WORK ITEM –
Skip pictures in the listing below; copy exactly the lines from the one with "CT recruitment logo" through the one with "Healthyhive Cocoa Powder Image", inclusive.

EXERCISE INPUT –
──────
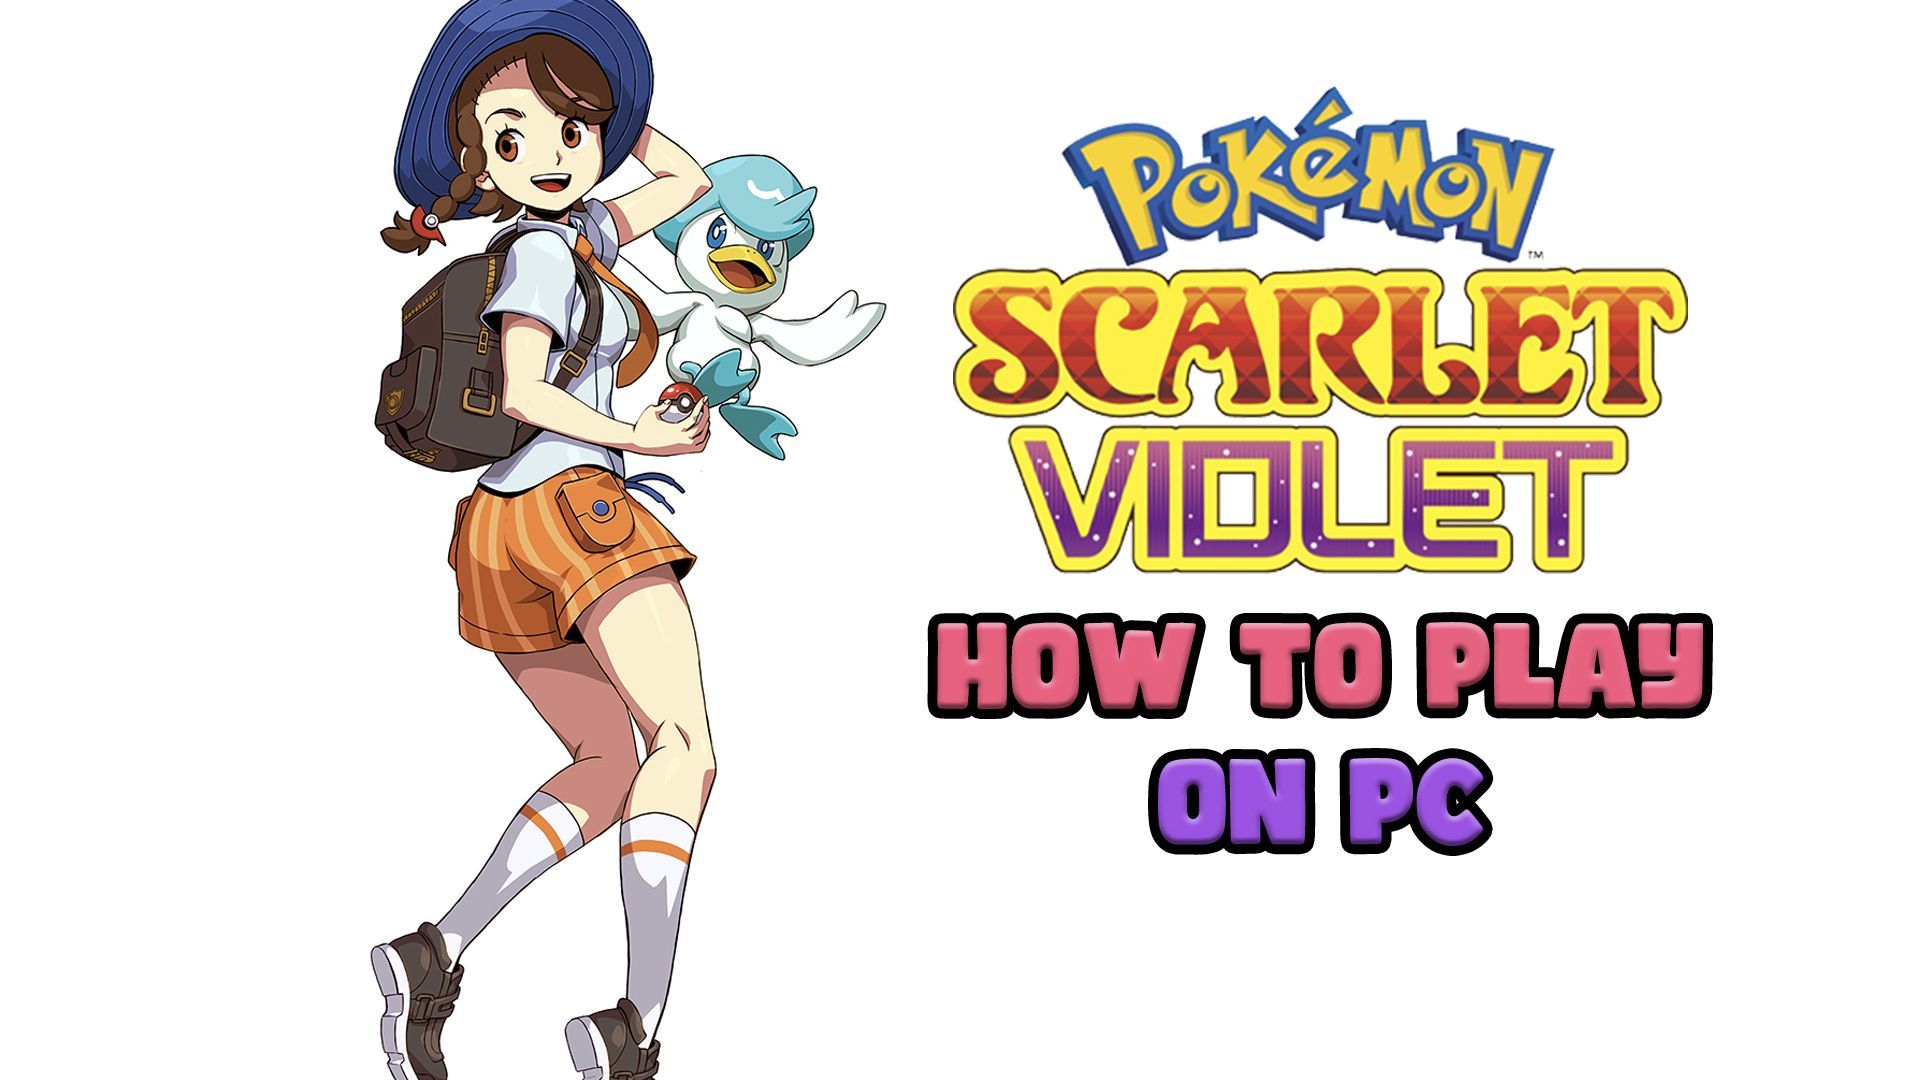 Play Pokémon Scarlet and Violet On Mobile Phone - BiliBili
──────
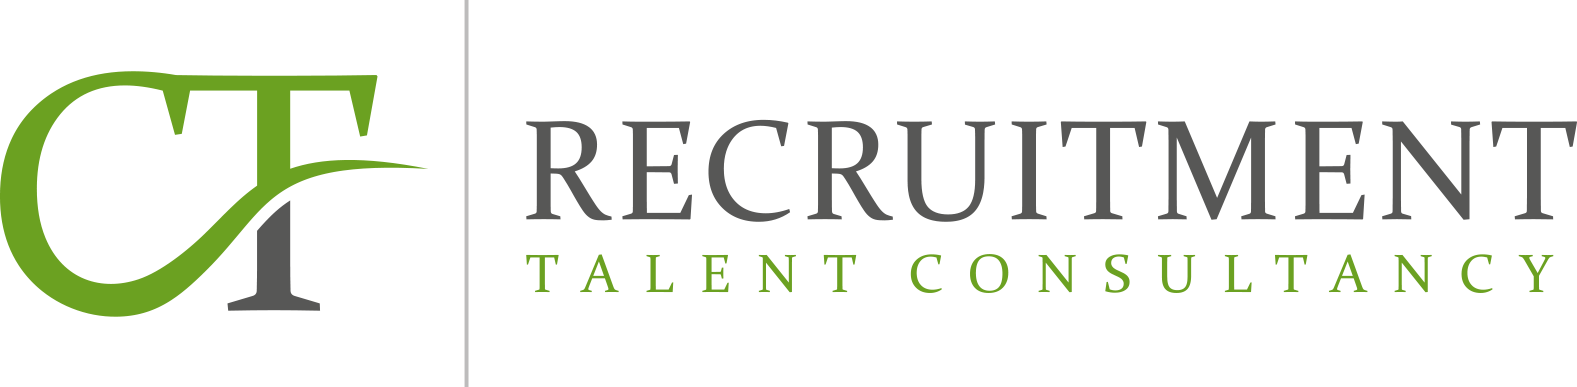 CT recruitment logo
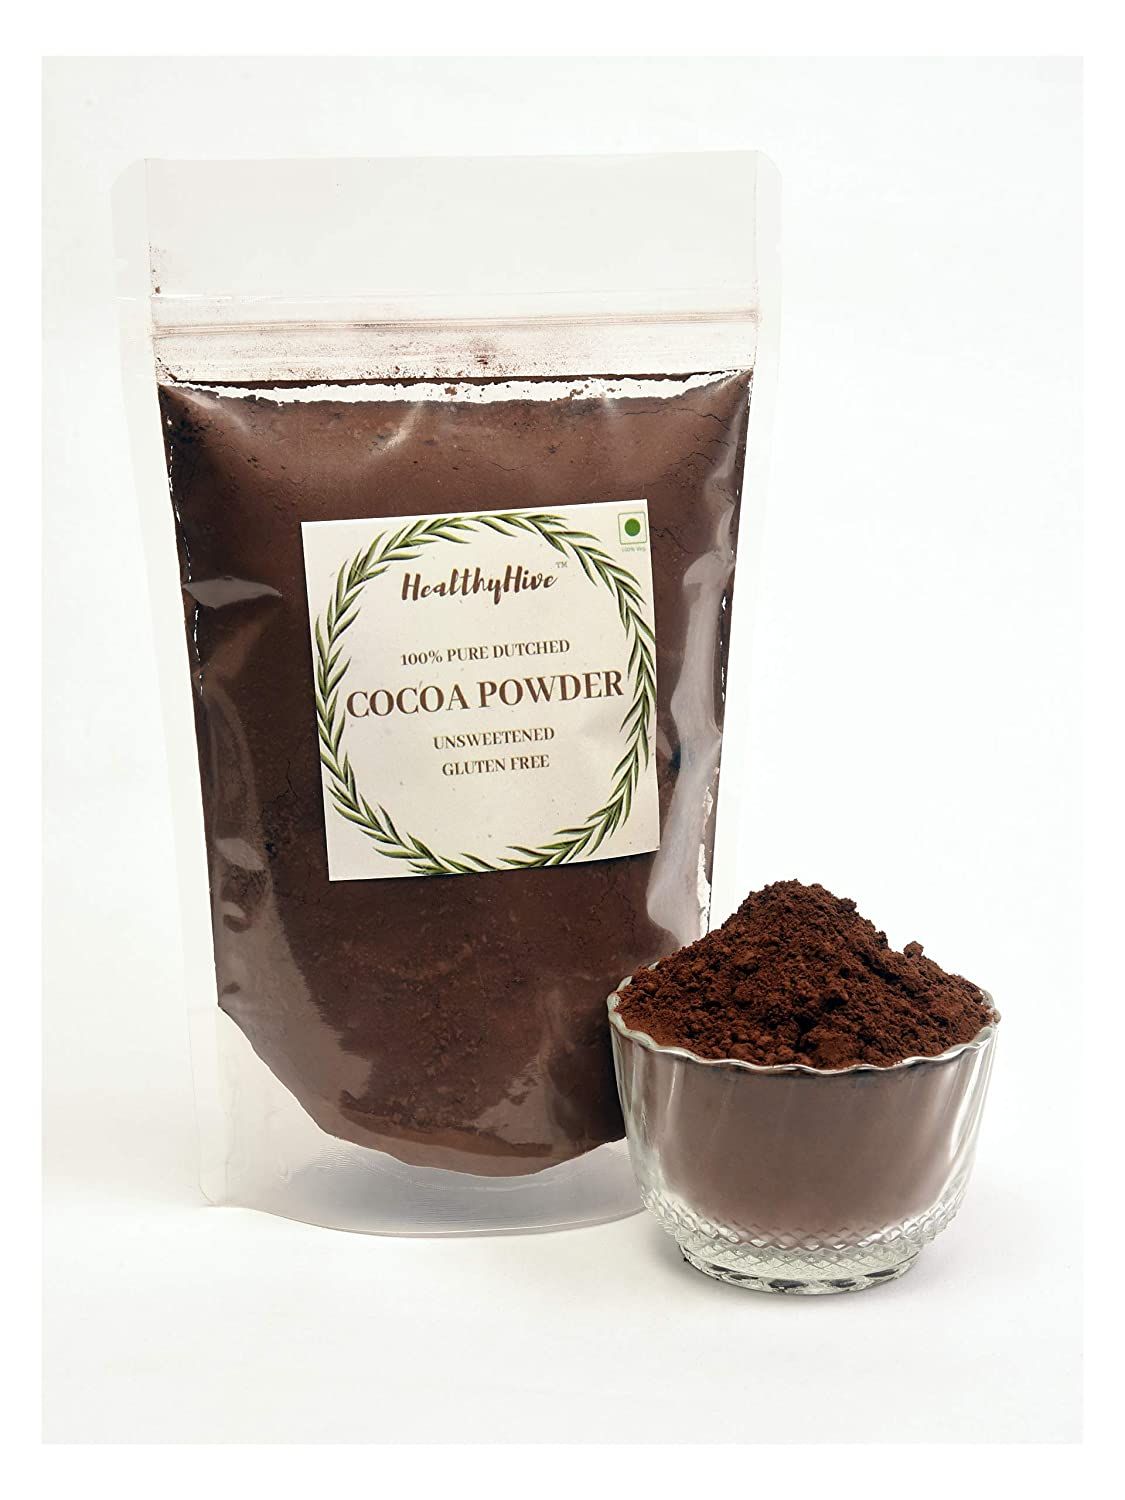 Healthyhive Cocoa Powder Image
──────
RESULT –
 CT recruitment logo
 Healthyhive Cocoa Powder Image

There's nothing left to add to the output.